TV on the Internet

By Cynthia Retamozo

MTV has MTV Overdrive, BET has BET on Blast and even Nickelodeon has TurboNick. These aren’t TV branded energy drinks, but the networks’ own online TV programming where viewers can watch the latest music videos and shows they may have missed during their regularly scheduled time on the air.

With today’s Internet-savvy generation, it’s no wonder that these channels would put their show lineup online. College students who miss “Lost” or “Desperate Housewives” because of their busy schedules can now catch them on when convenient.

“It’ s like having a show on demand,” said Kate Chadwick, a Northeastern alumna. “You can easily catch up on the episodes you missed and because it’s online it can also be a good study break.”

Northeastern’s TV channel, NUTV – which airs its own news program and original shows like “Campus Pulse,” is completely online, and can be found on the community section of the myNEU web portal.

NUTV president Jonathan Cohn said online content is more convenient for students to watch and easier for NUTV to produce.

“Online TV is definitely better,” Cohn said. “You don’t have to wait. People can watch what they want, whenever they want.”

Cohn also said there is a unique community aspect to it. On the NUTV channel and on other websites, like, viewers can not only watch different videos whenever they want, but also post comments about them on discussion boards.

“Most people watch regular TV alone,” he said. “Going online, you could watch the same videos as other people and then give your own opinion on them.”

Some Northeastern students are avid advocates of online TV content.

“It’s great because there are less commercials than there would be on cable TV,” said freshman business major Gina Bollenback, who has watched an episode of “Grey’s Anatomy” online. “In the future if I miss a good show, I’ll watch it online.”

Sophomore international business major Enrico Ortiz agreed, citing its convenience.

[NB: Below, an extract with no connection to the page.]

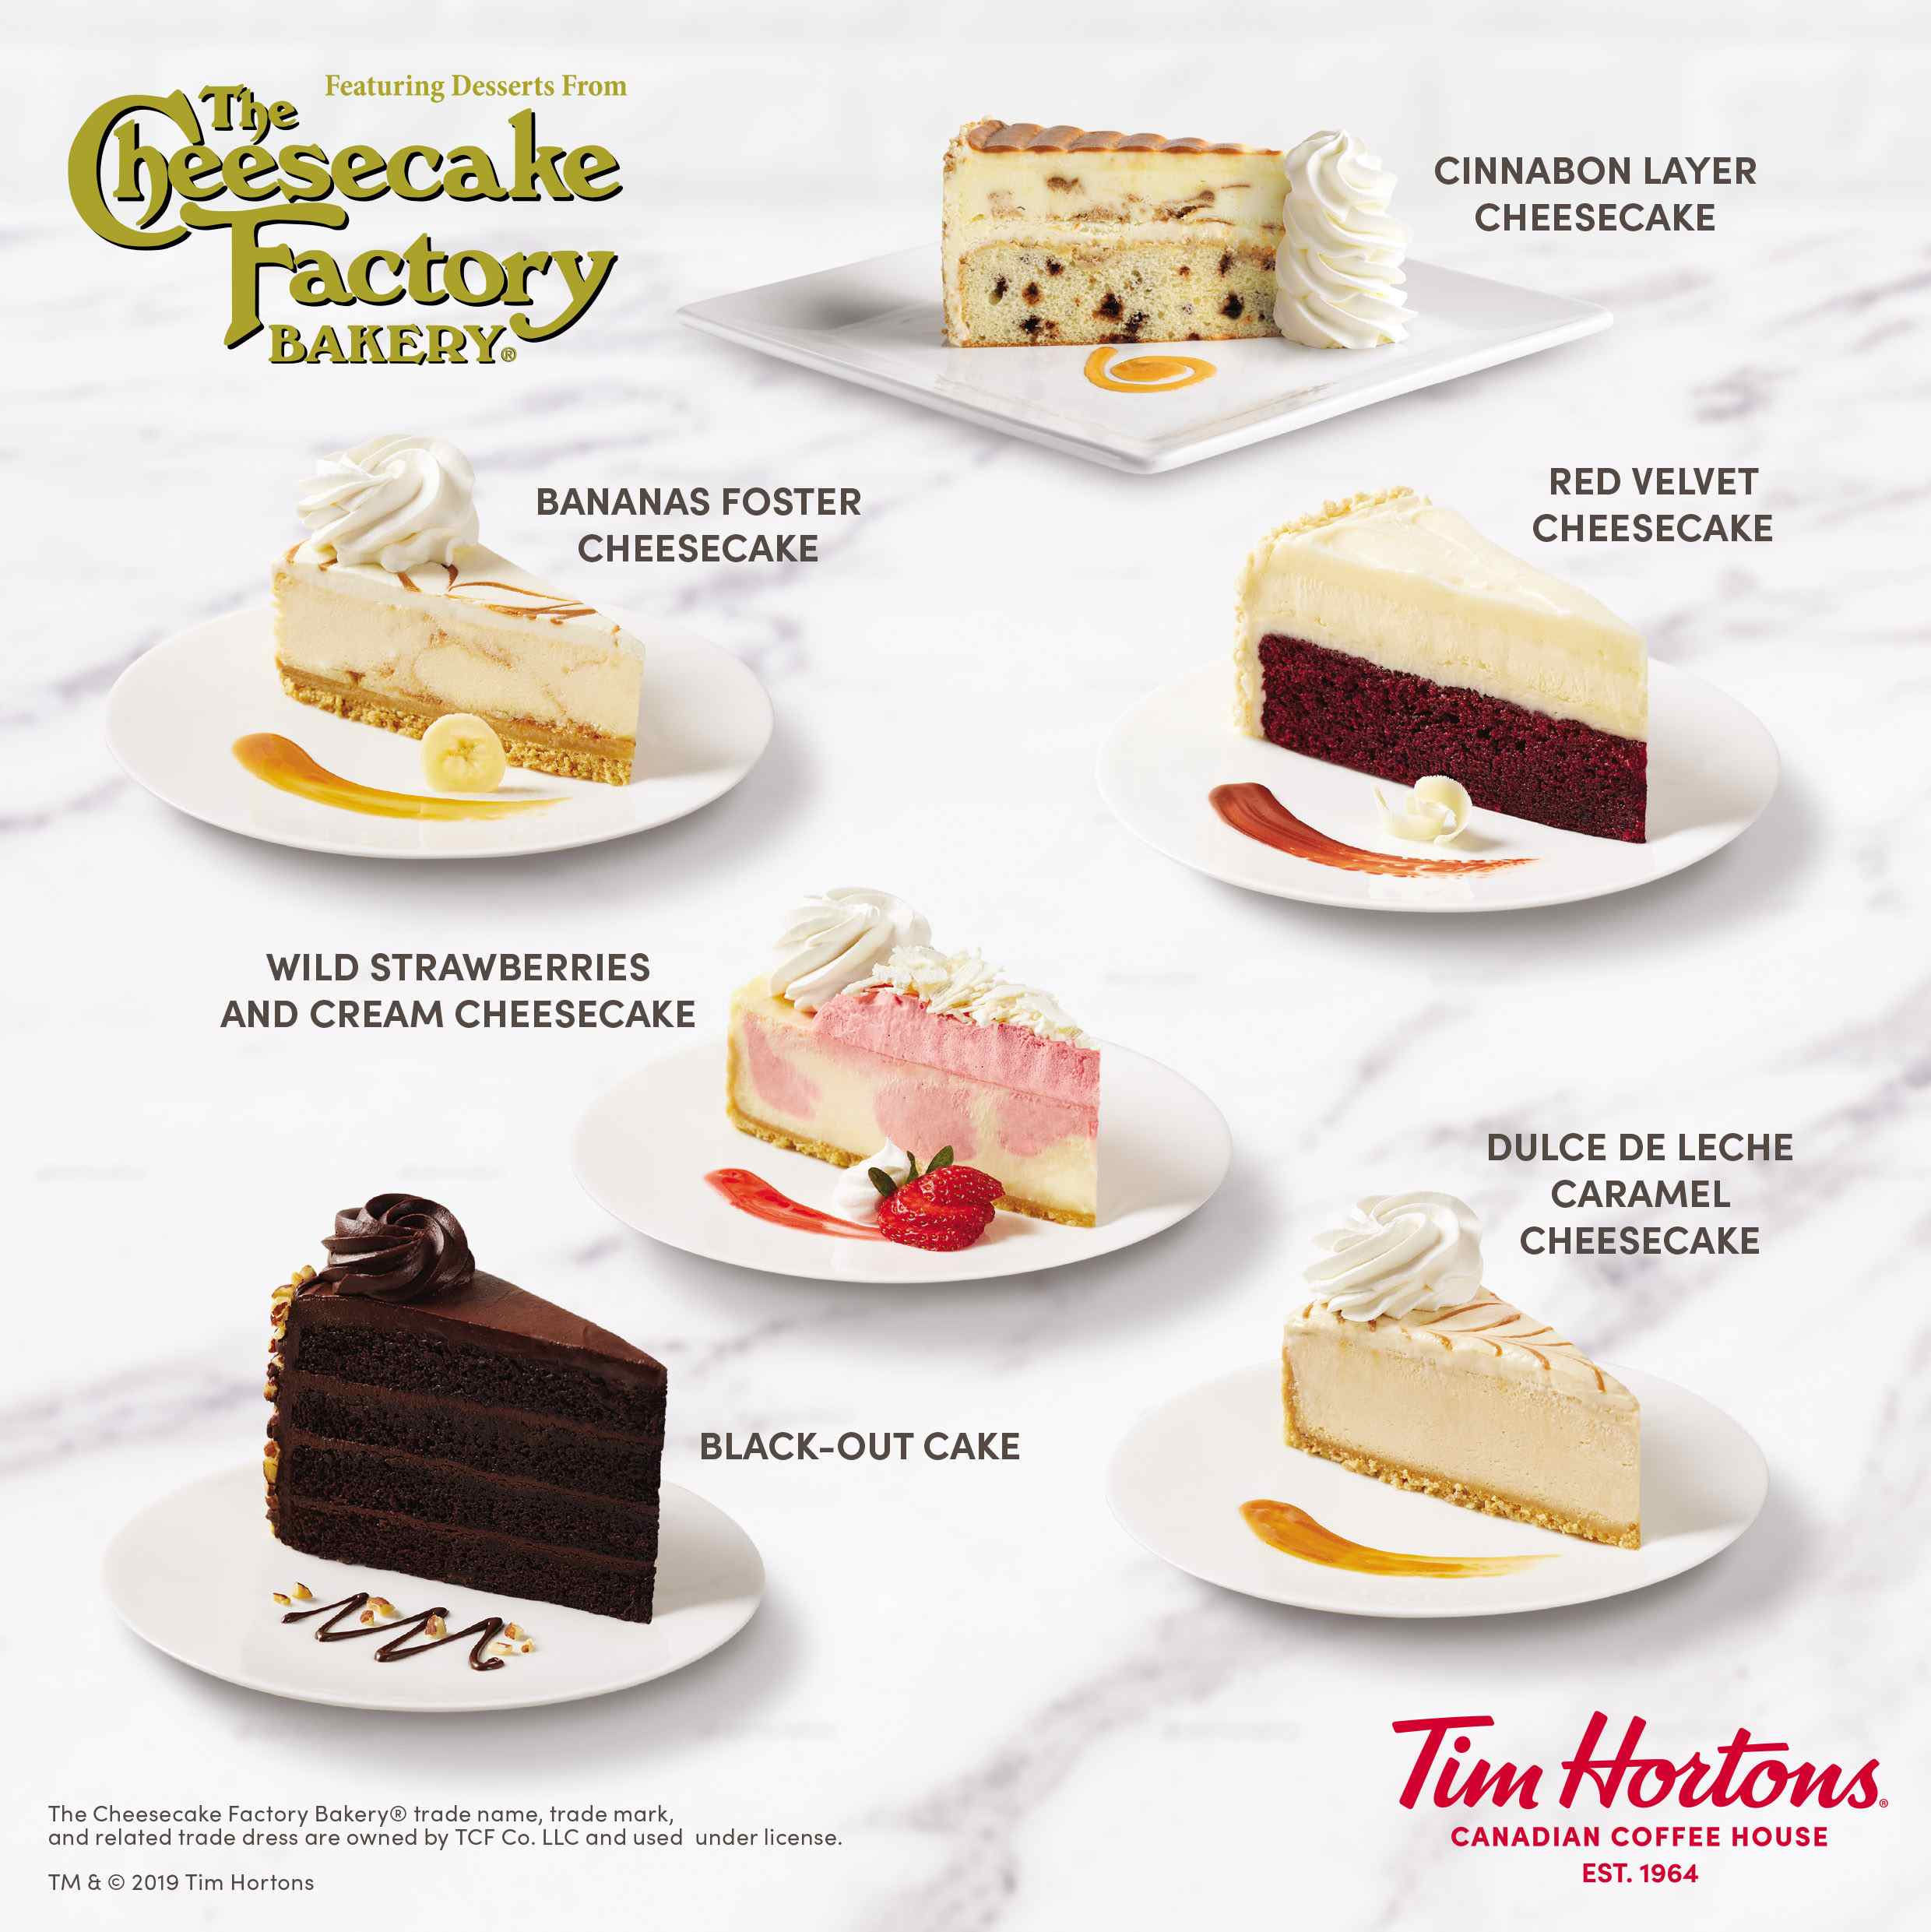 LOOK: Tim Hortons sells The Cheesecake Factory cakes now.

“I tend to watch ‘Heroes’ or ‘Lost’ the day after they air online,” he said. “It depends if I have a hectic meeting schedule that week.”

Because of the emerging trend, online television websites are beginning to surface.

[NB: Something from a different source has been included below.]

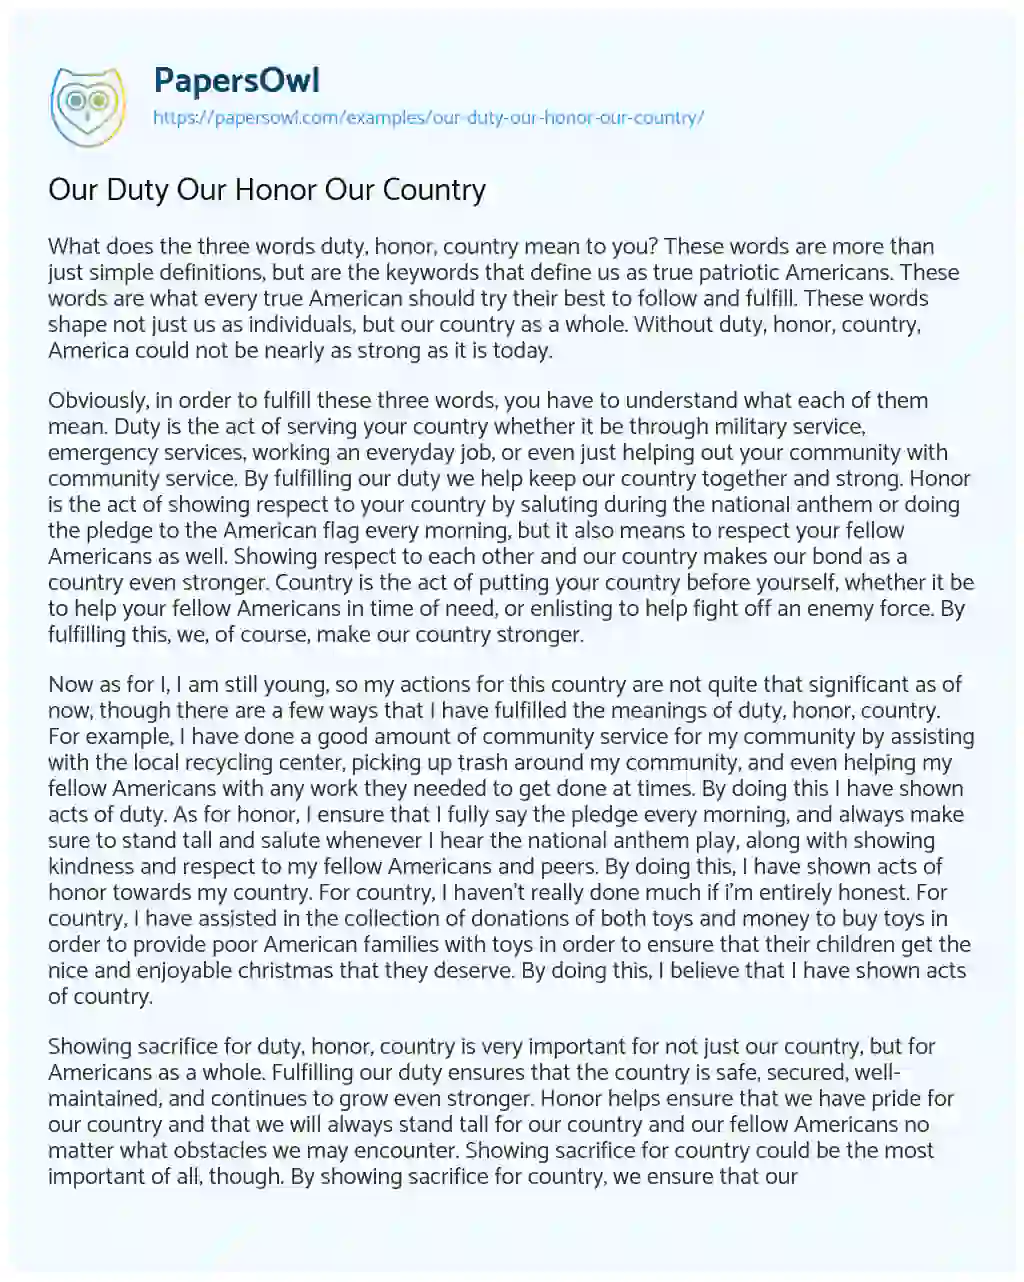 Essay on Our Duty our Honor our Country

Richard Ayoub is the executive vice president of programming for ManiaTV, a 24/7 live Internet broadband website that Ayoub said contains MTV-like content, featuring music videos, celebrity gossip videos and comedy shows.

Because ManiaTV is online, it is beyond the reach of the Federal Communications Commission (FCC), the governmental agency responsible for monitoring TV content. Jack E. Jett is the host of “Queer Edge,” a talk show that has featured guests such as a man who strips down to a G-string while on a pogo-stick. Another episode involved a drag queen called ‘Quesadilla’ who hosts Tupperware parties.

Jett said the lack of censorship is what makes online TV so popular.

“I feel people are getting sick of cookie cutter television,” he said. “Online TV is becoming an outlet for people who want to speak their mind without the FCC knocking at their door.”

Ayoub said ManiaTV is the 13th fastest growing site on the web, with five million views per month.

Although online TV is more prevalent now, Ayoub said the days of gathering around a TV set aren’t over yet.

“TV sets are too embedded into our culture,” he said. “Even with online TV, people are still going to watch the game at bars, they’re still going to watch talk shows live at the studio and they’re still going to watch the screen that shows a live performing artist at the site of a concert.”